AAPOR Task Force Report on Data Quality Metrics for Online Samples

SSRS Chief Methodologist, Cameron McPhee, is Chair of the AAPOR Task Force, and Mickey Jackson, SSRS Director of Data Science Innovation, is also on the Task Force

AAPOR is pleased to announce the release of the new task force report entitled “Data Quality Metrics for Online Samples: Considerations for Study Design and Analysis”.

This report examines the characteristics of online survey panels and provides approaches for evaluating the panel methodologies and the sample-quality, and the inferential integrity of the resulting survey estimates.

For almost a century, the public opinion and survey research community has been relying on the statistical procedures developed by Neyman (1936) for producing measurable inferences when only a small sample of the target population is observed, albeit under specific requirements. Key among such requirements includes access to a complete sampling frame from which units could be selected with known probabilities. In practice, however, it has become exceedingly difficult to fulfill these requirements and for many reasons, including cost and feasibility, researchers have increasingly relied on pragmatic sampling alternatives.

The goal of this report is to provide audiences who have a basic understanding of survey methodology with an overview of the various types of online survey sampling methodologies currently being employed by survey researchers and major survey firms.

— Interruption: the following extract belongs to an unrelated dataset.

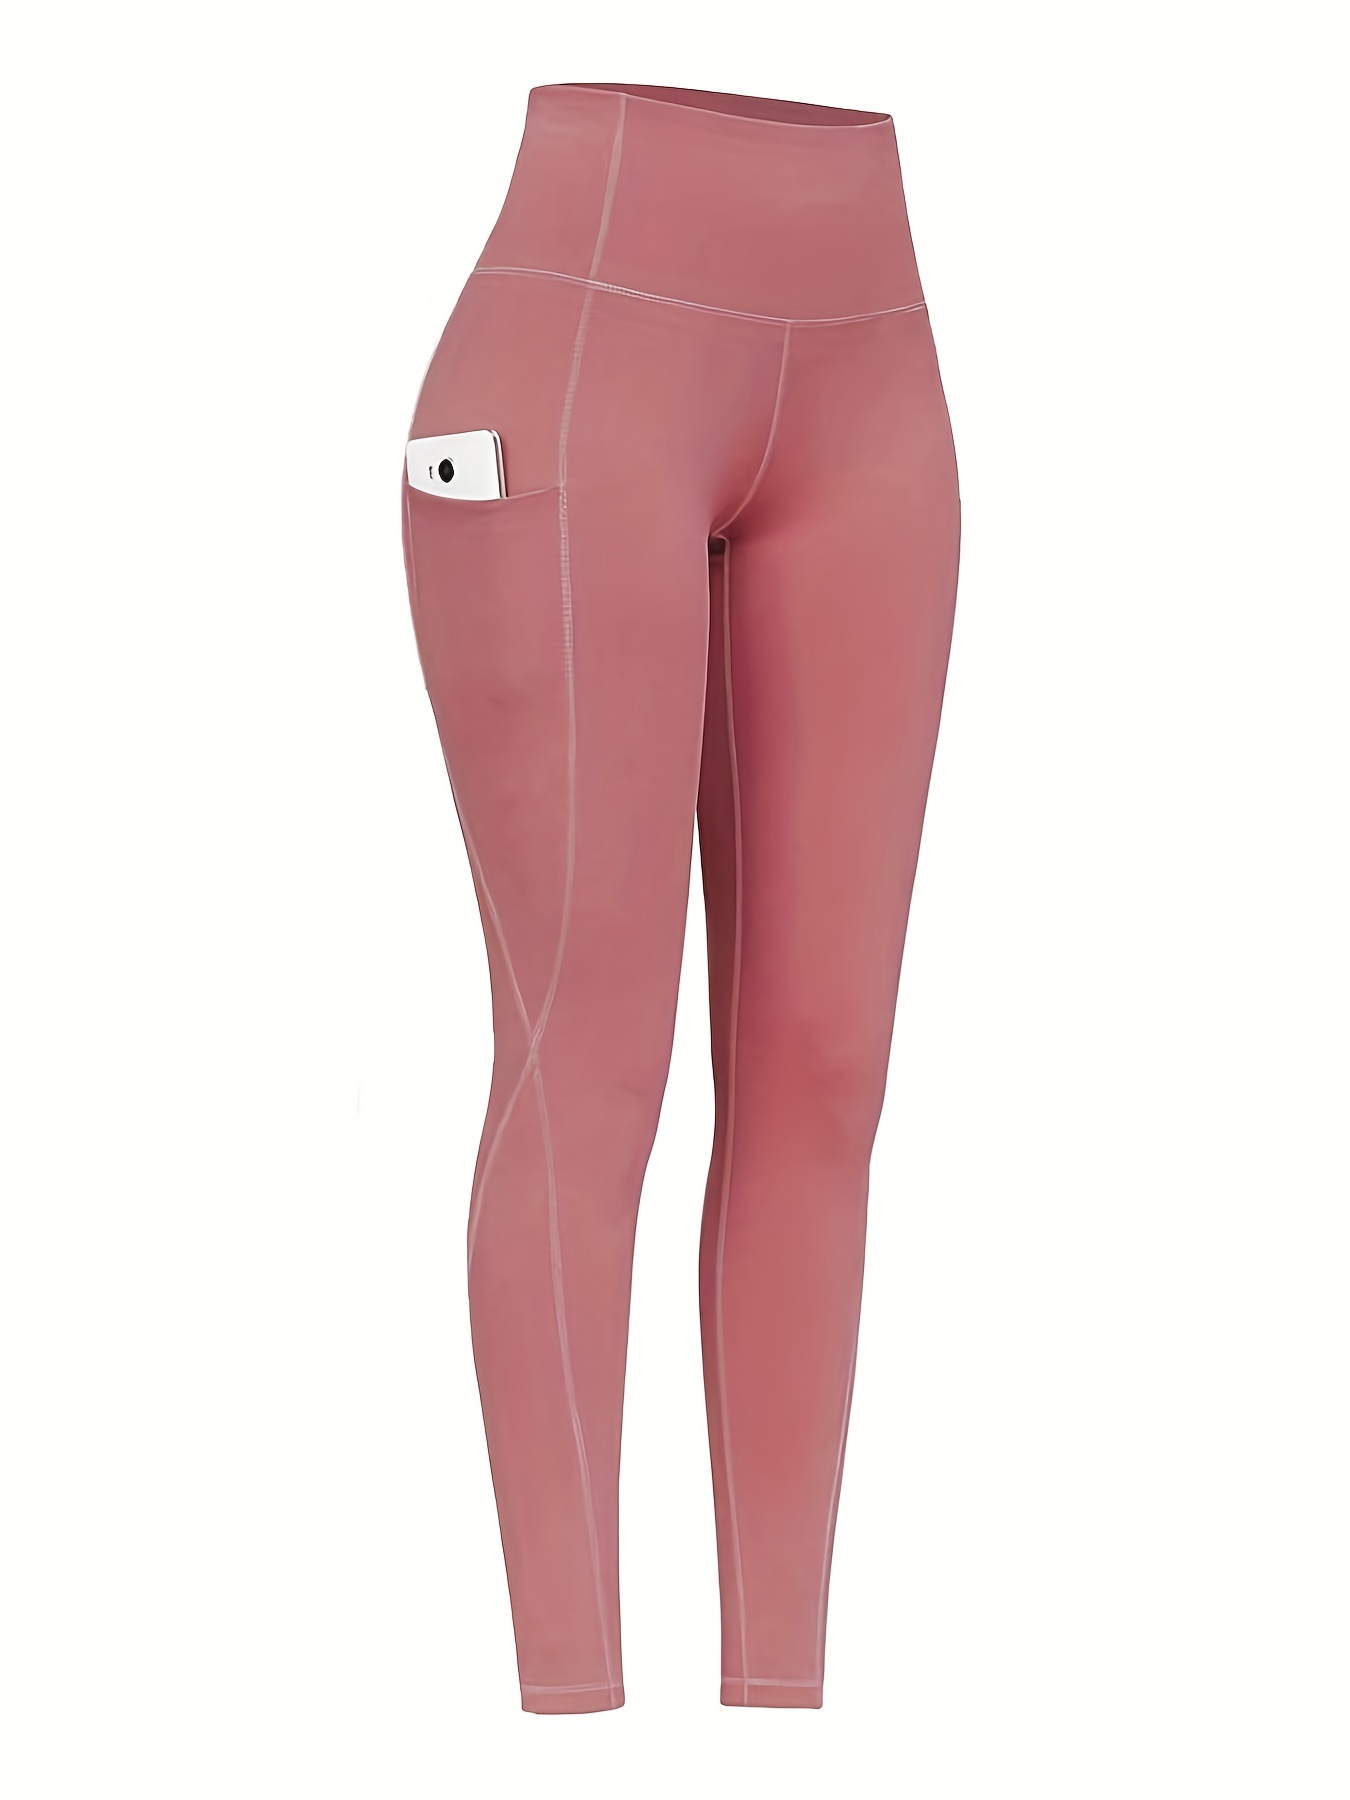 YYDGH Women's Yoga Pants Tummy Control High Waist Workout Leggings with 2  Pocket Pink 4XL

Specifically, the report provides an overview of the landscape of online survey data collection, focusing mainly on probability and nonprobability online panels. It discusses how alternative methodologies for initial recruitment, decisions around panel freshening, respondent attrition, and missing data may impact sampling and data quality. The report outlines some ways to assess the quality of online samples, including well-known measures such as cumulative response rates and cooperation rates, as well as newer metrics that can be applied to online samples to evaluate representativeness and inferential reliability.

Specifically, the Task Force Report aims to:

  1. Develop a clear, concise, updated explanation of survey sample sources for online panels.
  2. Describe the representativeness and fitness for use of common sampling strategies that providers use to construct and replenish online panels.
  3. Assess coverage error of online panels, including systematic error related to recruitment methods, self-selection, and coverage of internet non-users.
  4. Propose alternative metrics of sample quality, beyond completion rates and cumulative response rates that measure the underlying representativeness and utility of online samples.
  5. Discuss whether sample quality metrics developed for use with probability-based panels can be applied to samples from panels that do not recruit using probability-based methods.

Discuss the application of AAPOR’s Code of Ethics’ reporting guidelines to studies using online panels and outline important issues regarding methodological transparency.